■ Work item ■
Reproduce only the lines below from the line containing "Corridor With Pillars" to the line containing "Five black top", exactly as written, with both end lines kept. Omit the pictures.

■ Information supplied ■
↓↓↓

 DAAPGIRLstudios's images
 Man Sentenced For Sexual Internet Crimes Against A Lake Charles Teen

↑↑↑
↓↓↓

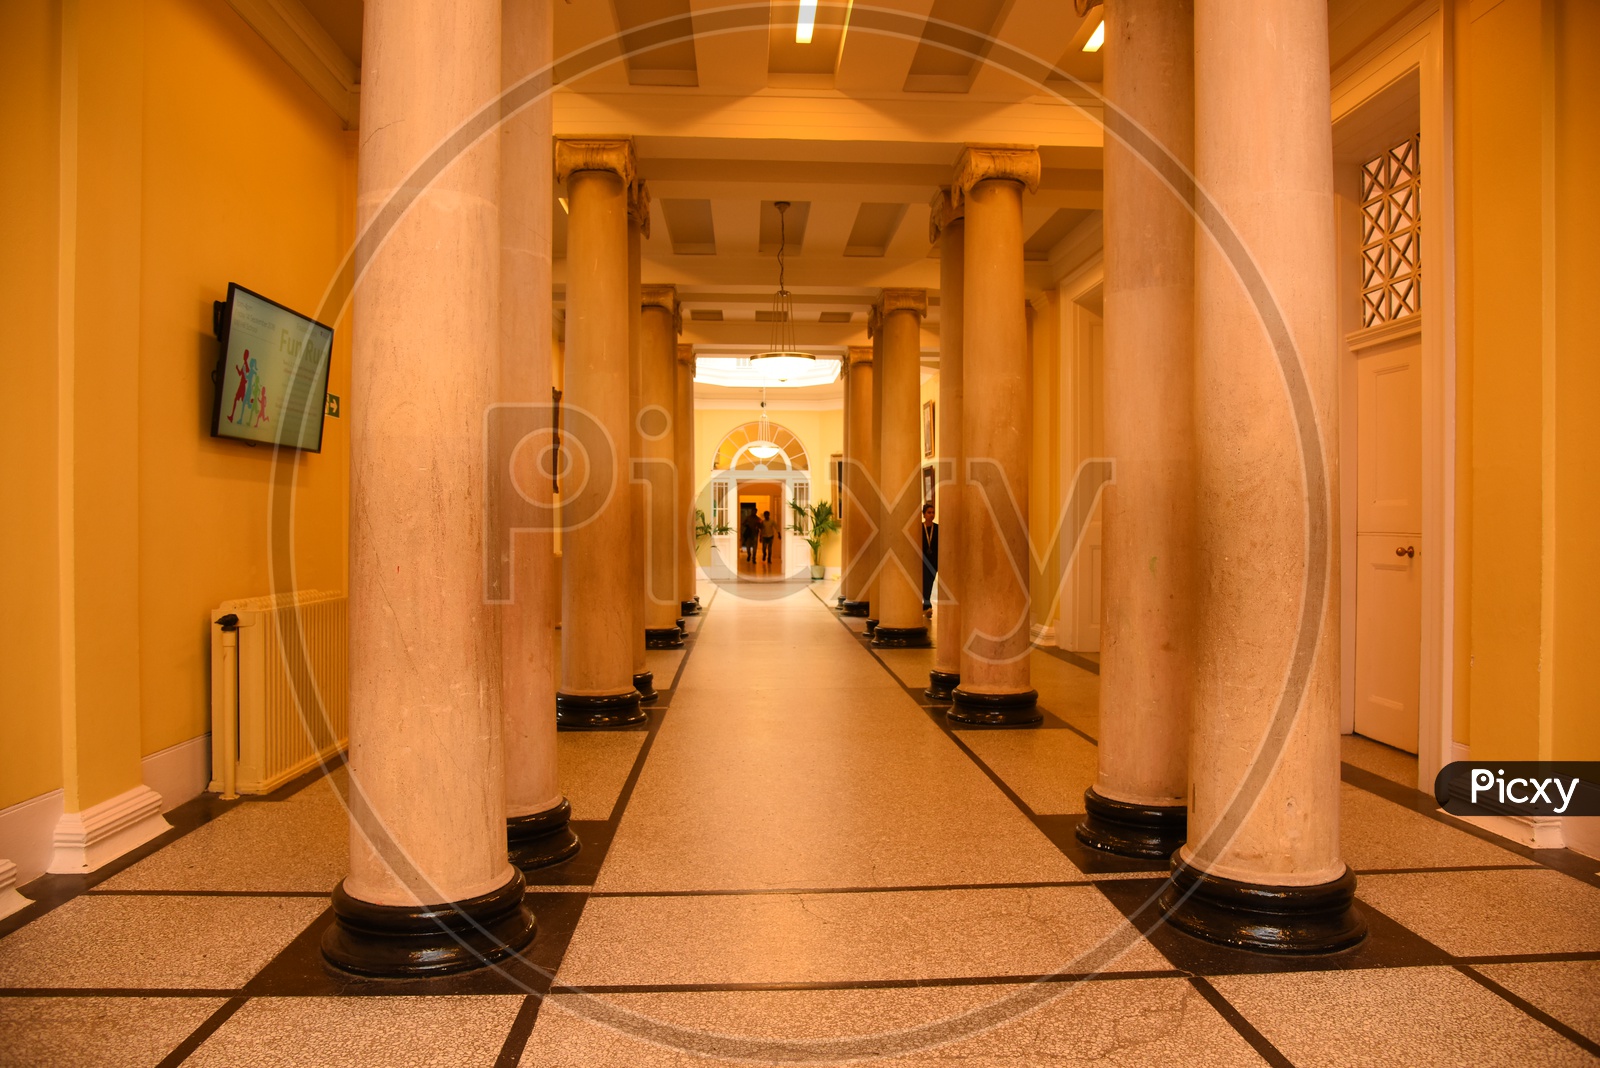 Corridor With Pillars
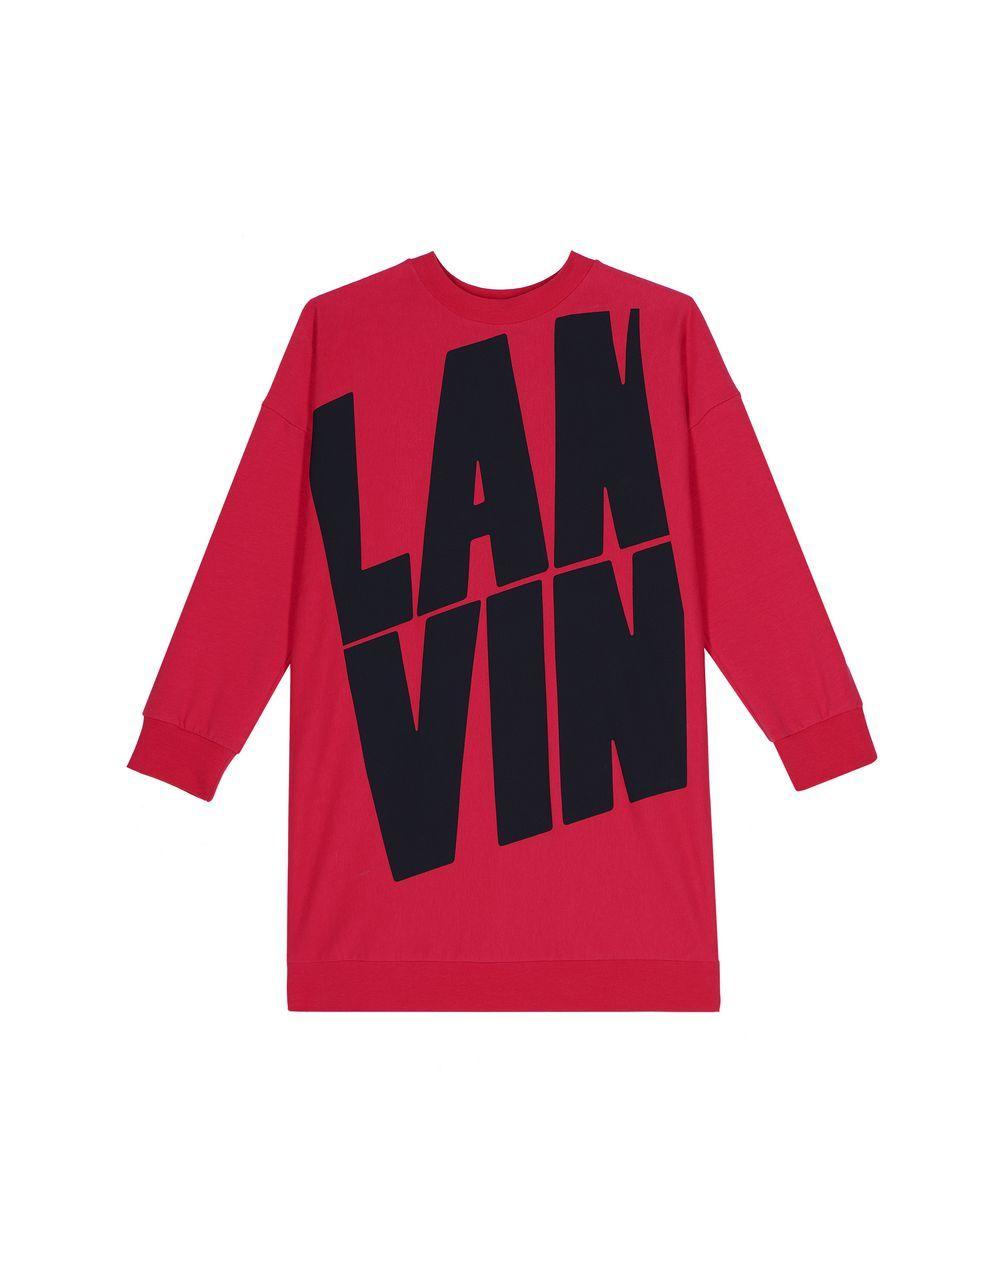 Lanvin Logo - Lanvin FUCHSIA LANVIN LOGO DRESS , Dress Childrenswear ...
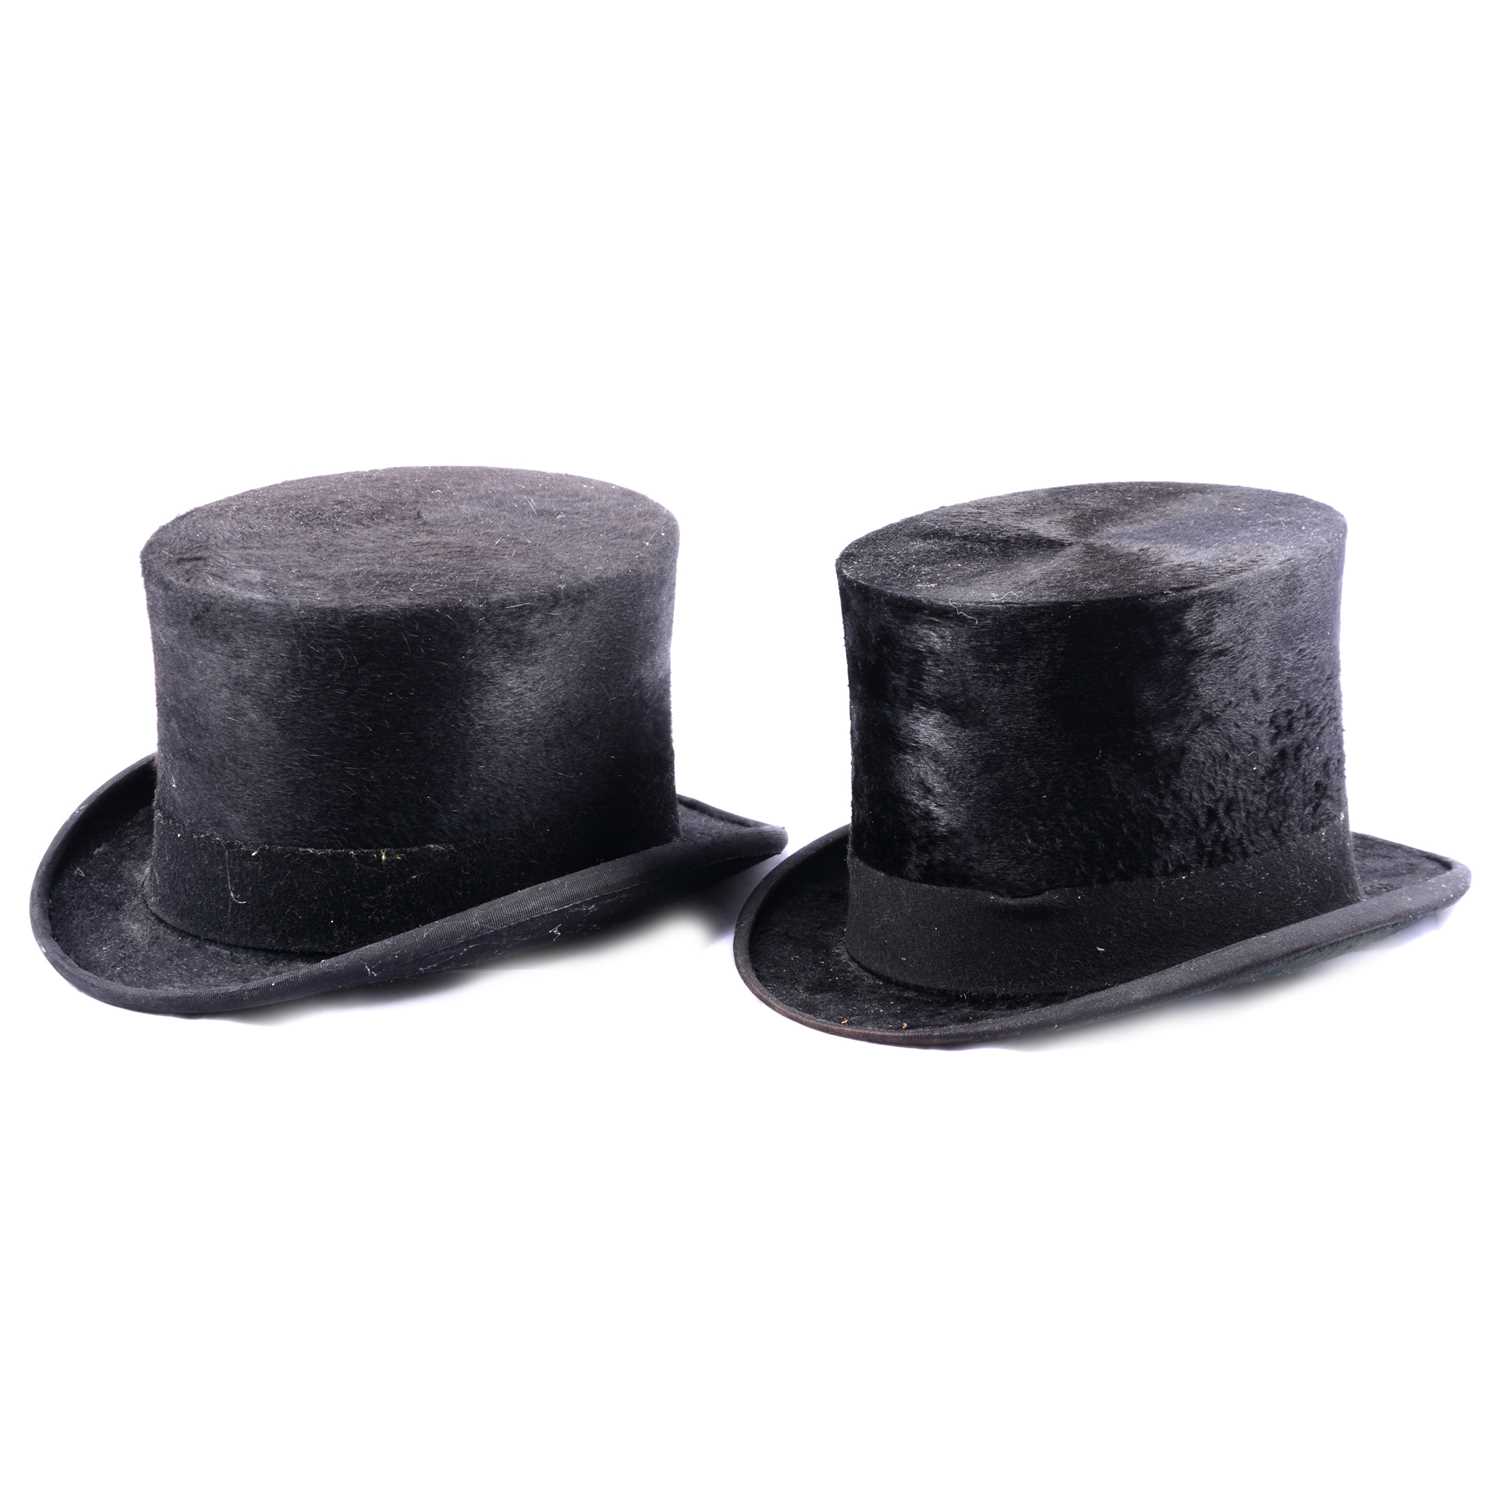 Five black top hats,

↑↑↑
↓↓↓

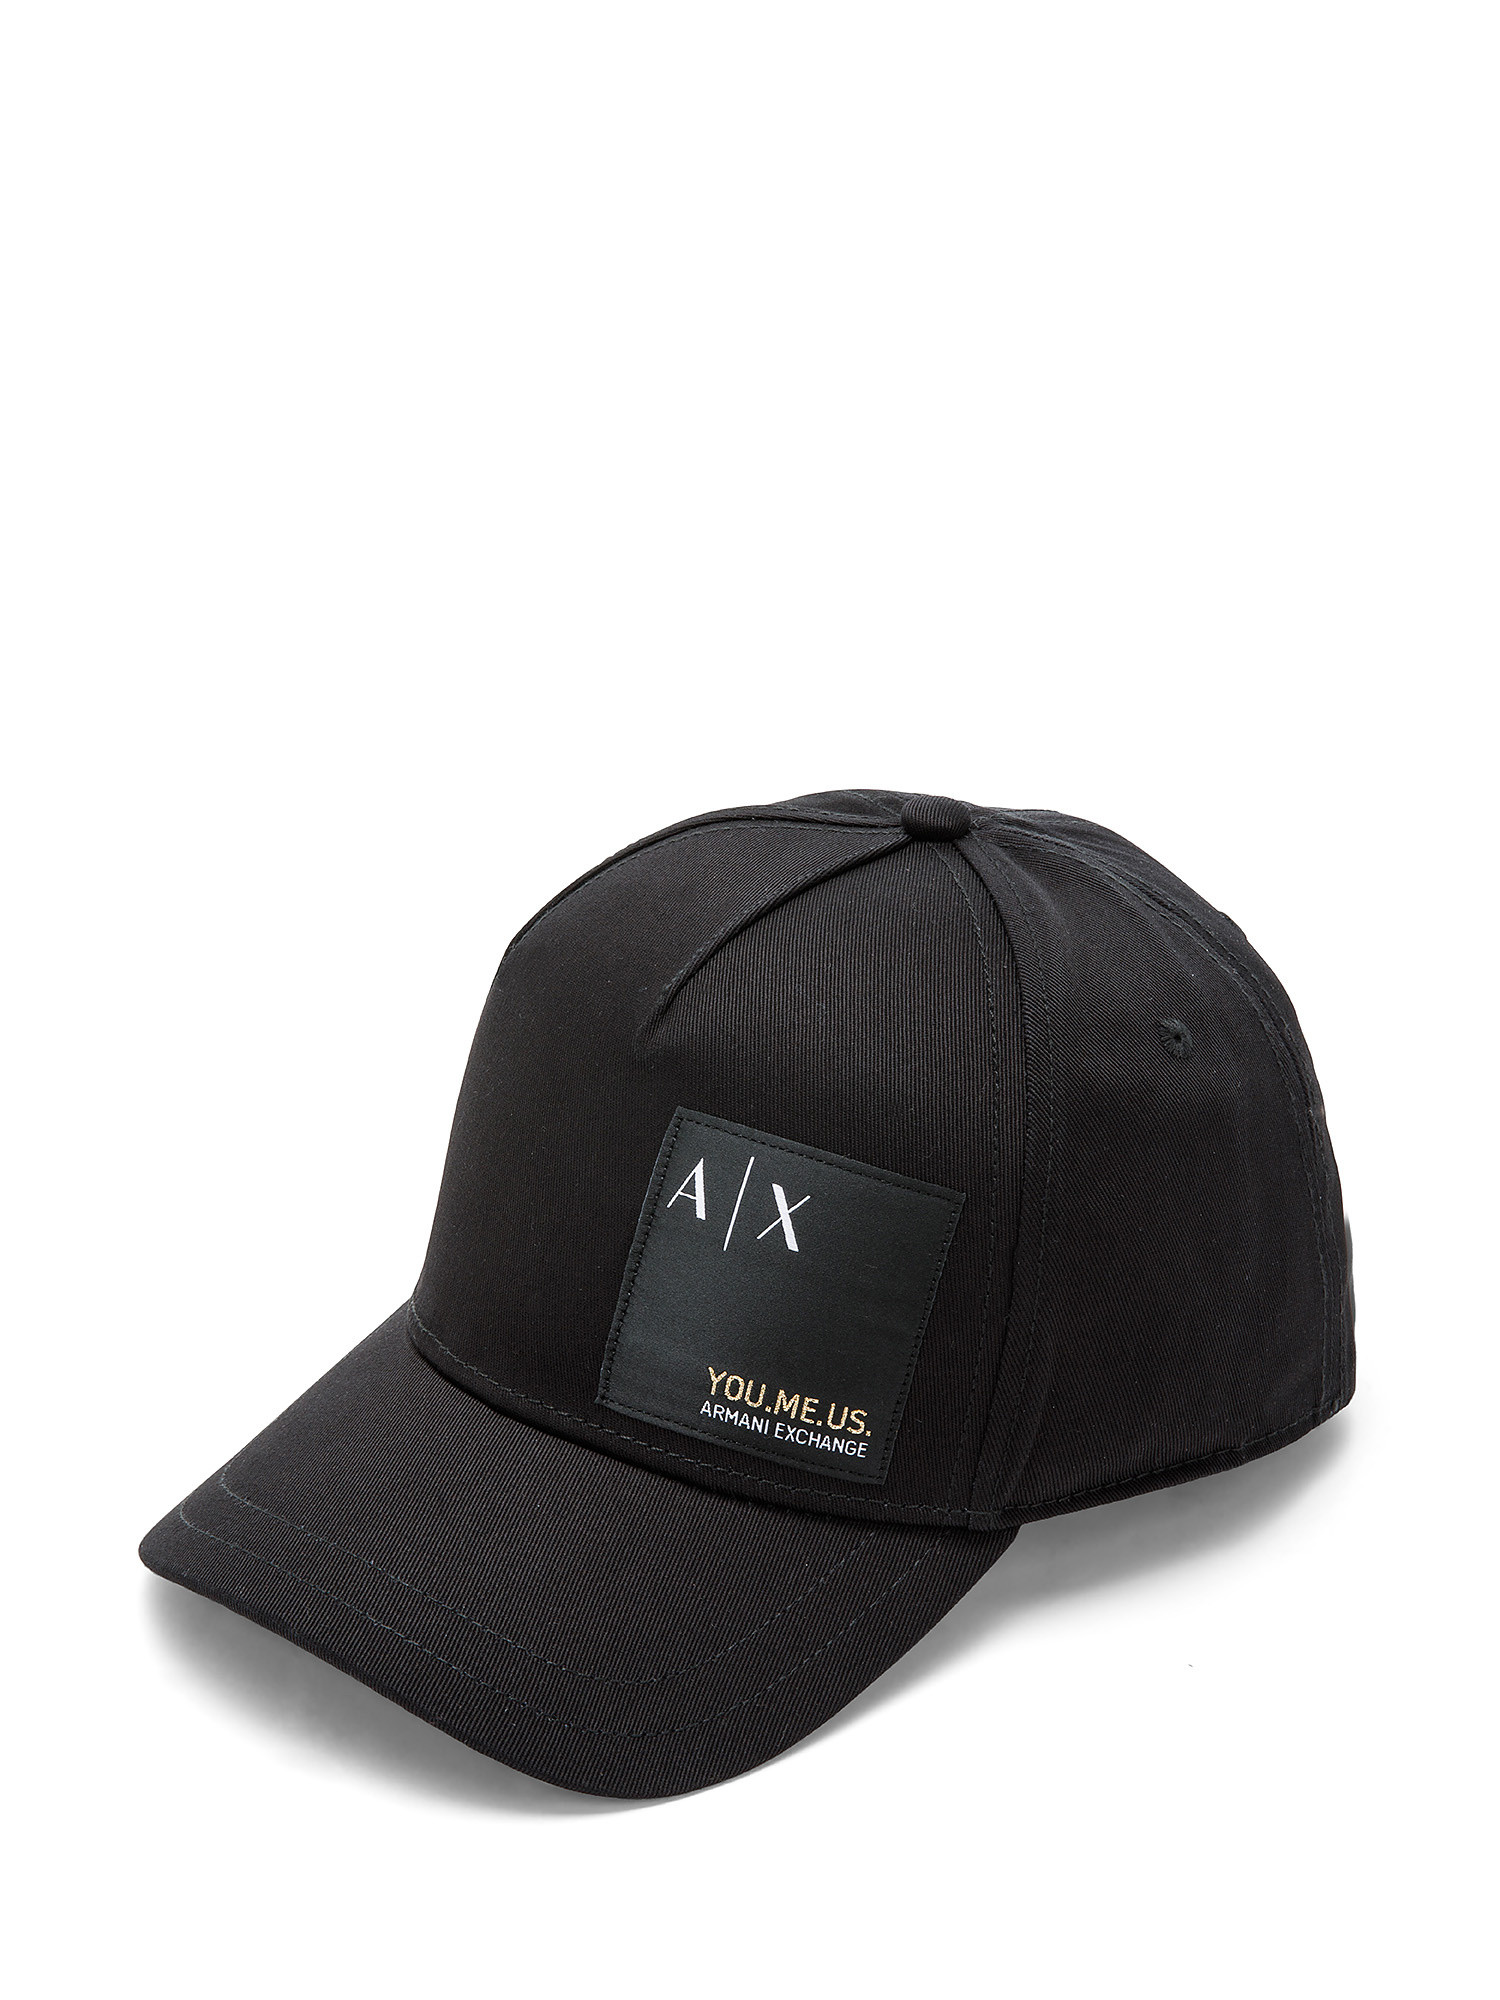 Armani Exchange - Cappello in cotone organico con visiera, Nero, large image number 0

↑↑↑

■ Problem solution ■
 Corridor With Pillars
 Lanvin Logo - Lanvin FUCHSIA LANVIN LOGO DRESS , Dress Childrenswear ...
 Five black top hats,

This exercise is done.